А она всё возилась внизу с этим жёлобом, и я видел, что ей это тяжело, но ничего не мог сделать. Сойти к ней — это значило признаться в том, что виновник разрушения — я.
Стараясь не глядеть на Шурочку, я лёг на спину и смотрел в небо, но оно было раскалённое и тусклое, и смотреть на него было больно. Горький дым горящего торфа стлался надо мной, и, кроме неба и дыма, ничего не было.
Посмотрев вниз, я увидел, что Шурочка возится с большим камнем, и видно было, что поднять его ей не удастся.
Тогда я не выдержал, встал и спустился к ней по откосу.
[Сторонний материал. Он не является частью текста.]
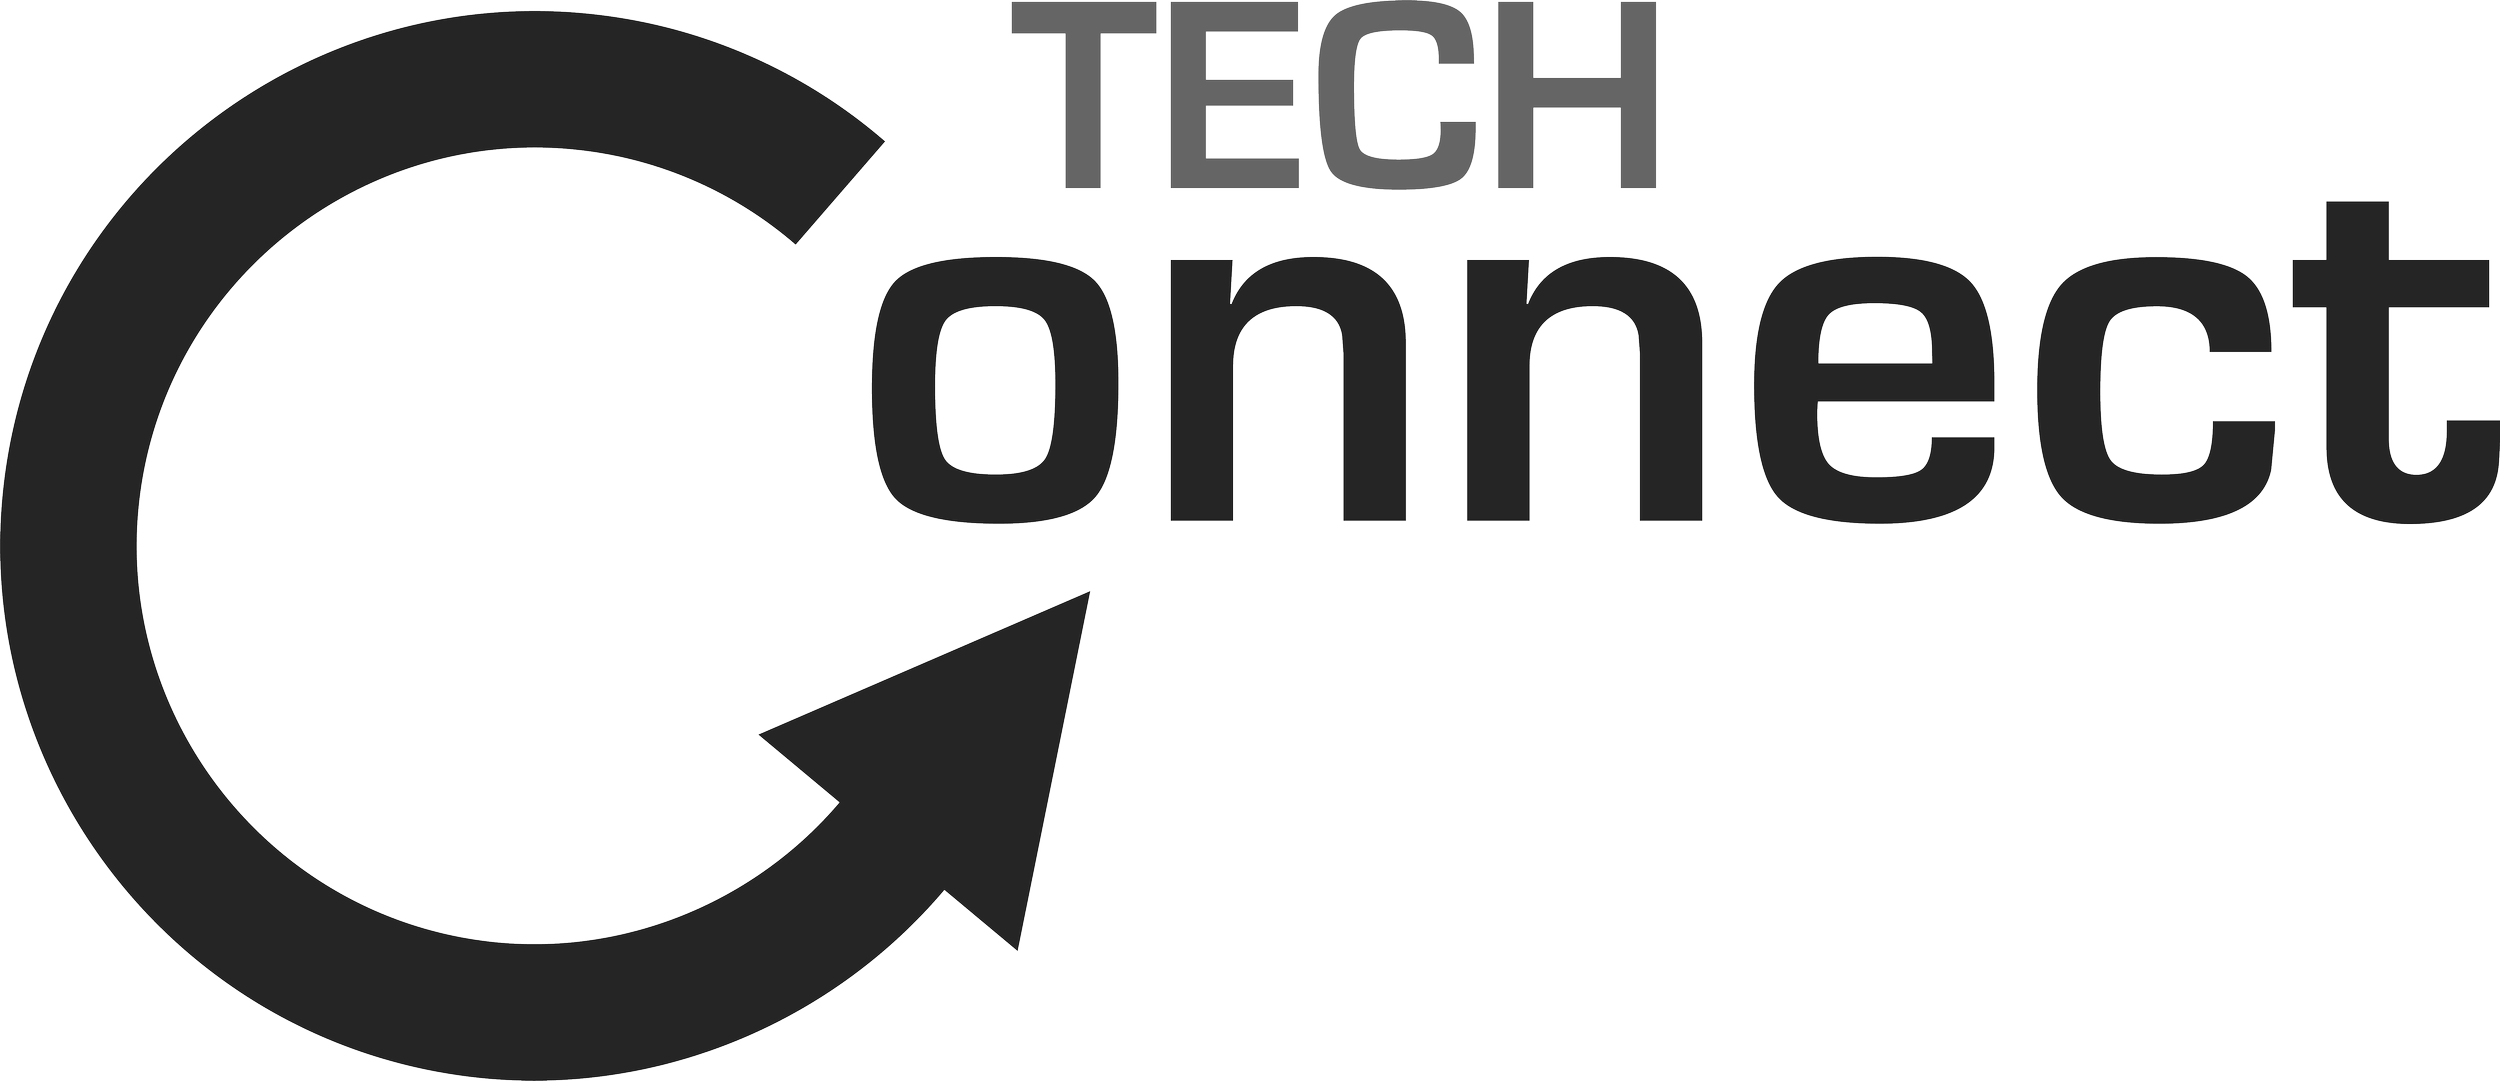 TechConnect-Logo.png

Она даже не удивилась мне, а когда я сказал ей, что это Лёнькина работа и я её разрушил, она только спросила меня: «Зачем?», но я промолчал.
Теперь я подтаскивал камни, а Шурочка скрепляла их глиной.
Когда всё было кончено и вода снова побежала по жёлобу к лужам, тогда мы пошли домой.
— Я бы всё равно проиграл пари, — сказал я Шурочке, когда мы ступили на шоссе. — Смотри направо.
Справа на небо наплывала туча, она была большая и тёмная и двигалась быстро, вырастая на глазах у нас. Теперь она казалась такой же огромной и тяжёлой, как земля, и небо между тучами и землёй было зажато как бы в гигантские, неуклонно сдвигающиеся клещи.
Туча догнала нас и закрыла над нами солнце. Мы шли, шли по старому шоссе, и гром гремел прямо над нами, и прямо над нами ломались фиолетовые клинки молний, а когда мы перешли мост, тогда на нас упали первые капли дождя, первого дождя за это жаркое лето.
1940 г.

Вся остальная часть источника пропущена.